机译：用于预测方法名称的混合码表示学习方法

获取原文

获取原文并翻译 | 示例

开具论文收录证明 >>

页面导航

摘要
著录项
引文网络
相似文献
相关主题

摘要

Program semantic properties such as class names, method names, and variable names and types play an important role in software development and maintenance. Method names are of particular importance because they provide the cornerstone of abstraction for developers to communicate with each other for various purposes (e.g., code review and program comprehension). Existing method name prediction approaches often represent code as lexical tokens or syntactical AST (abstract syntax tree) paths, making them difficult to learn code semantics and hindering their effectiveness in predicting method names. Initial attempts have been made to represent code as execution traces to capture code semantics, but suffer scalability in collecting execution traces.

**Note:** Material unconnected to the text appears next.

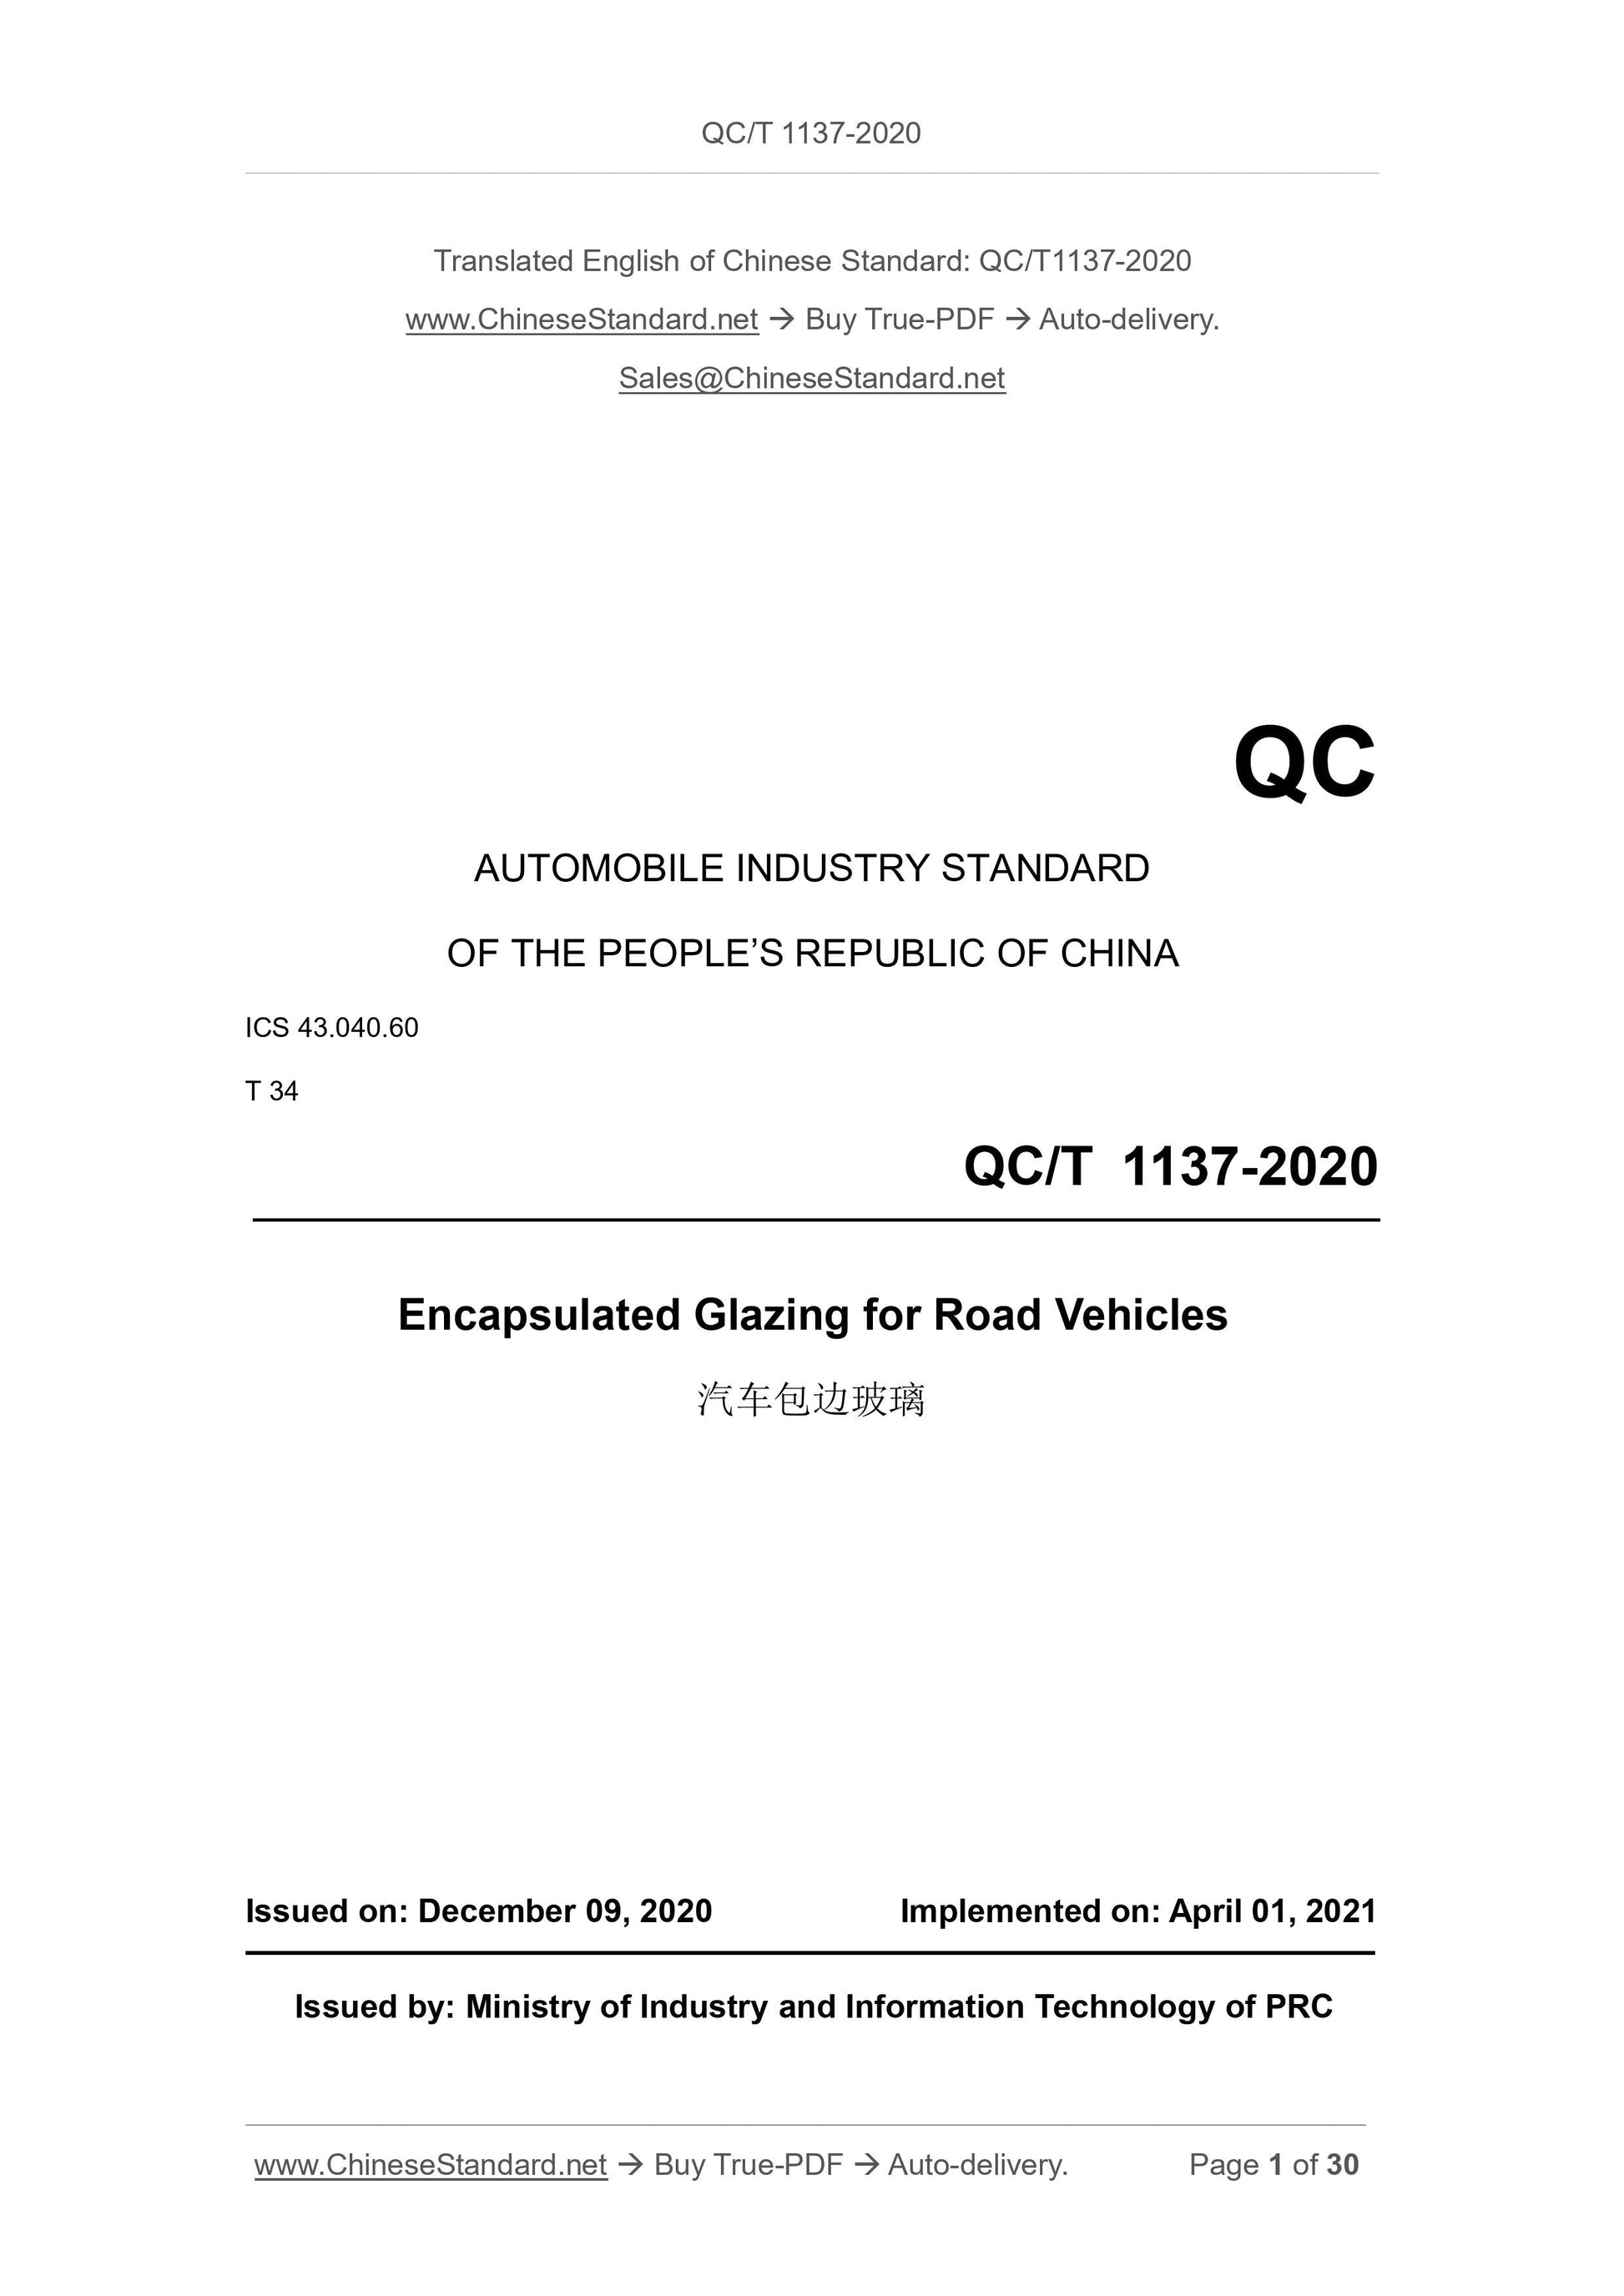 QC/T 1137-2020 Page 1

In this paper, we propose a hybrid code representation learning approach, named METH2SEQ, to encode a method as a sequence of distributed vectors. METH2SEQ represents a method as (1) a bag of paths on the program dependence graph, (2) a sequence of typed intermediate representation statements and (3) a sentence of natural language comment, to scalably capture code semantics. The learned sequence of vectors of a method is fed to a decoder model to predict method names. Our evaluation with a dataset of 280.5K methods in 67 Java projects has demonstrated that METH2SEQ outperforms the two state-of-the-art code representation learning approaches in F1-score by 92.6% and 36.6%, while also outperforming two state-of-the-art method name prediction approaches in F1-score by 85.6% and 178.1%.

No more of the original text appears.